Comunicado de Imprensa
Amigos da Terra Internacional
‘Pacto Global das Nações Unidas ignora as más praticas das corporações’
Declaração da Sociedade Civil alerta rumo a Conferencia Rio+20
AMSTERDAM / RIO DE JANEIRO, 10 de Maio de 2012: Instituições das Nações Unidas e iniciativas tais como o Pacto Global oferecem demasiado espaço à influencia das corporações privadas. O lobby corporativo nas negociações da ONU tem conseguido bloquear soluções efetivas para problemas globais relacionados às mudanças climáticas, produção alimentar, pobreza, água e desmatamento. Ao invés disso, falsas soluções tem sido promovidas servindo aos interesses dos negócios, enquanto concentram o controle das corporações sobre as terras, recursos e a vida das pessoas.
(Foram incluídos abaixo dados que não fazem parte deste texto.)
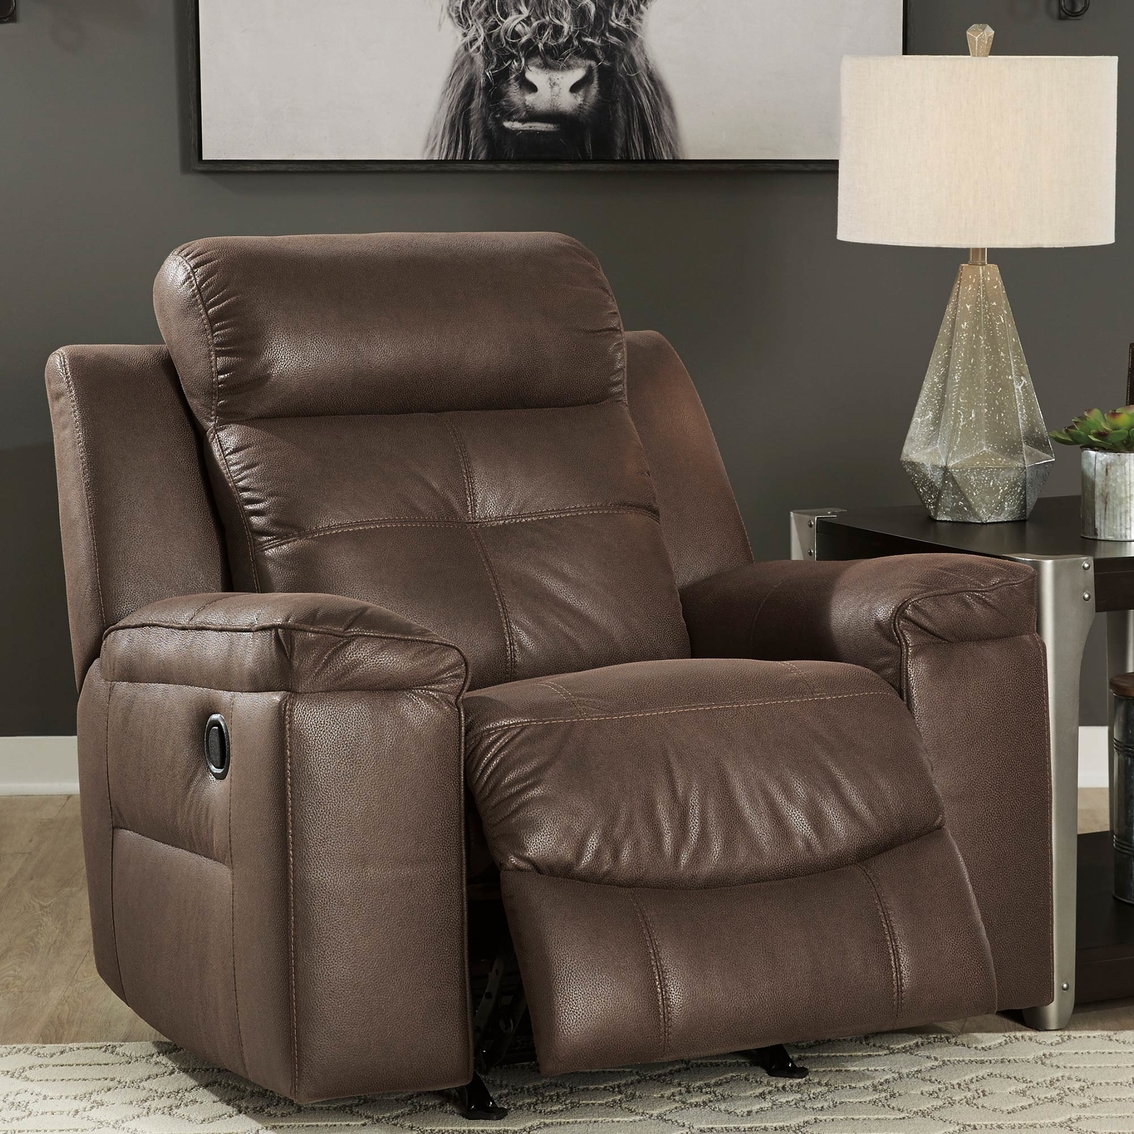 Signature Design by Ashley Jesolo Reclining Sofa, Loveseat and Recliner Set - Image 2 of 4

Esta é a premissa central da declaração conjunta da sociedade civil Pondo Fim a Captura Corporativa da ONU (1)‚ iniciada por Amigos da Terra Internacional e por nove outras organizações a caminho da Conferencia Rio+20.
A declaração, que circula desde 19 de abril, é atualmente endossada por mais de 250 organizações da sociedade civil de todo o mundo.
Em resposta a esta declaração, o escritório do Pacto Global da ONU disse que tem sido sempre cuidadoso em deixar claro que ‘a ONU e a comunidade dos negócios não compartilham os mesmo objetivos centrais; meramente em algumas áreas-chave, os negócios, a sociedade civil, a ONU e os governos tem áreas comuns de interesse’ (2).
Entretanto, as organizações iniciadoras da declaração mantém que a iniciativa Pacto Global da ONU é cega as más praticas das corporações e facilita a cooptação corporativa de processos e resultados na ONU.
Tanto que o Pacto Global clama que, das empresas que assinaram ‘aderir aos padrões internacionalmente aceitos’, muitas delas na realidade constantemente falham em cumpri-los. Isto porque, ao contrario do que diz o Pacto Global, não existe um mecanismo crível de responsabilização. O Pacto Global apenas expulsa companhias se as mesma não relatam sobre violações aos direitos humanos, não por causarem estas violações como tais.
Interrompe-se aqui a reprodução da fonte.